Connective tissue dysfunction in hEDS may compromise the integrity of blood vessel walls and the extracellular matrix surrounding mast cells, potentially altering mast cell behavior and mediator release. POTS — characterized by an abnormal heart rate response to positional changes — is found at disproportionately high rates in hEDS patients. Mast cell mediators including histamine are known to influence vascular tone and autonomic signaling (Shibao et al., 2005, Hypertension).
These are not three separate diagnoses that happen to co-occur. They appear to share underlying mechanistic pathways that we are only beginning to characterize.
Why I Am Still Confident We Are Getting Closer
The questions being asked now — about mast cell behavior, connective tissue and the autonomic nervous system, the microbiome’s role in histamine metabolism, and DAO enzyme genetics — are the right questions. Researchers are asking them with increasing rigor.

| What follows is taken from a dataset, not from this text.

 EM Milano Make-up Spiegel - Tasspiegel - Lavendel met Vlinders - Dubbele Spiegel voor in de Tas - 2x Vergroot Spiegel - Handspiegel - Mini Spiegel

DAO enzyme activity and genetic variants in the AOC1 gene are being studied as contributors to histamine intolerance susceptibility (Maintz et al., 2011, Journal of Investigative Dermatology). The microbiome’s role in histamine production and degradation is a genuinely emerging area of research. Mast cell-literate clinicians — a specialty descriptor that barely existed a decade ago — are building dedicated practices.
The diagnostic picture is incomplete. But it is filling in. And in the meantime, clinical pattern recognition — the kind that comes from seeing hundreds of patients with overlapping presentations, and from being one of those patients yourself — is not nothing. Observation precedes mechanism. Description precedes biomarker. That is how medicine has always moved forward.

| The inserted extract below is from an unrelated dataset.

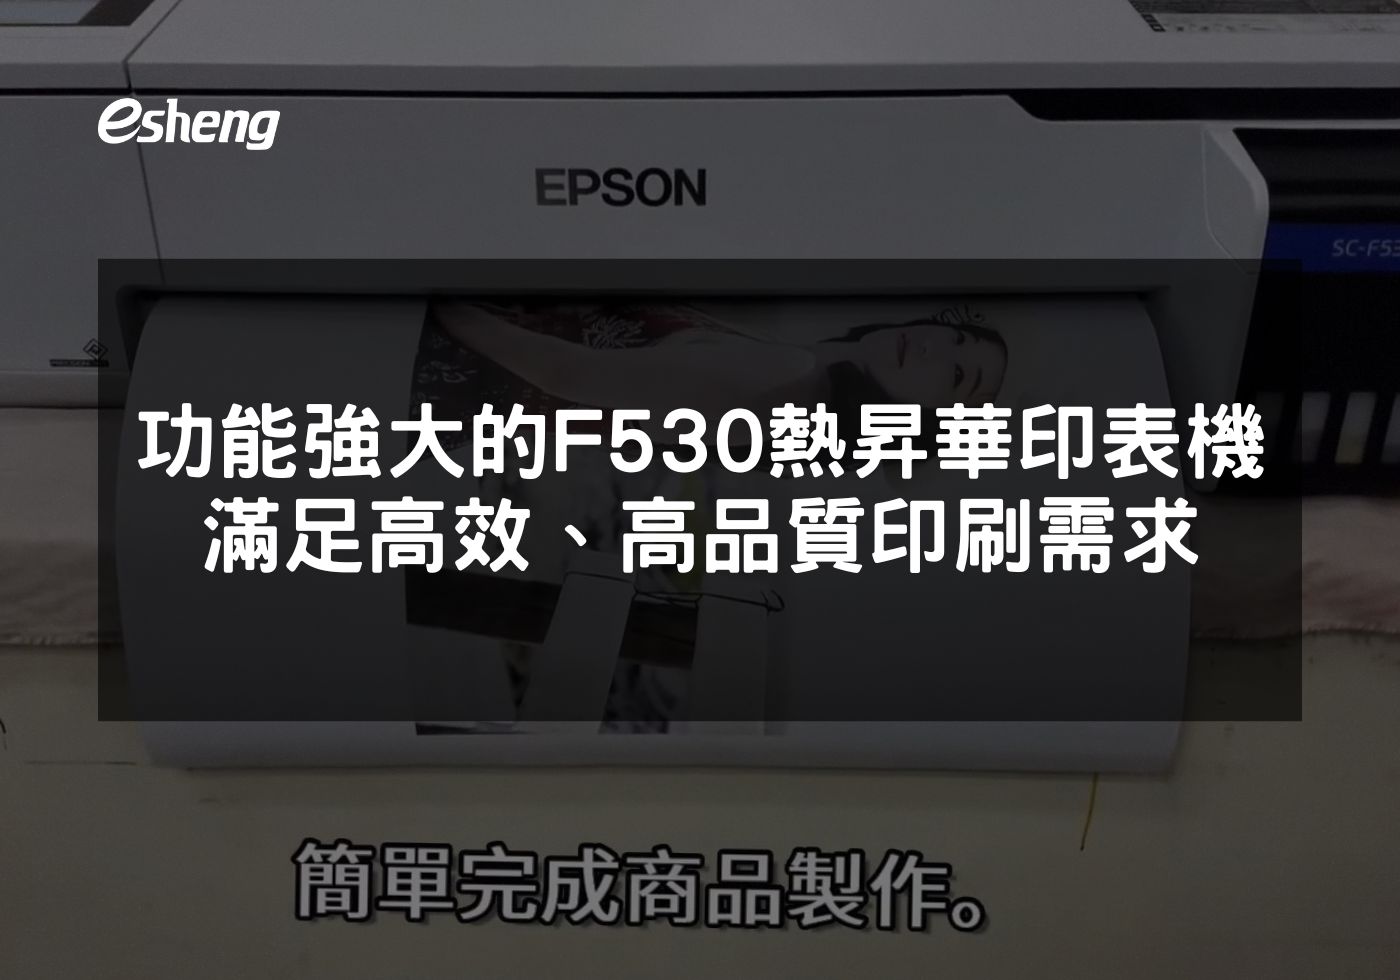 功能強大的EPSON F530 熱昇華印表機，滿足高效、高品質印刷需求

What I Want You to Take Away
If you have spent years being told your labs are normal while your body tells you otherwise — you are not imagining it. You are not anxious. You are not a hypochondriac who found a community online.
You may be presenting a clinical picture that medicine is still developing the tools to see clearly. That gap is a failure of the system, not a failure of your body to make sense.
For clinicians reading this: I am not asking you to diagnose MCAS without a workup. I am asking you to hold the possibility open. To recognize that a normal serum tryptase does not close the door. To refer to colleagues who specialize in this space.
The patients sitting in your office with idiopathic everything deserve better than a shrug and a six-month follow-up.
This post is for educational purposes only and is not a substitute for individualized medical or nutrition advice. If you suspect MCAS, POTS, EDS, or histamine intolerance, please seek evaluation from a qualified healthcare provider familiar with these conditions.
References:
- Maintz, L. et al. (2011). Association of single nucleotide polymorphisms in the diamine oxidase gene with diamine oxidase serum activities. Journal of Investigative Dermatology, 131(10), 2171–2174.
- Molderings, G.J. et al. (2011). Mast cell activation disease: A concise practical guide. Journal of Hematology and Oncology, 4, 10.
- Shibao, C. et al. (2005). Hyperadrenergic postural tachycardia syndrome in mast cell activation disorders. Hypertension, 45(3), 385–390.
- Stapel, S.O. et al. (2008). Testing for IgG4 against foods is not recommended as a diagnostic tool. Allergy, 63(7), 793–796.
- Valent, P. et al. (2020). Diagnosis and treatment of systemic mastocytosis. Journal of Allergy and Clinical Immunology, 145(4), 1134–1151.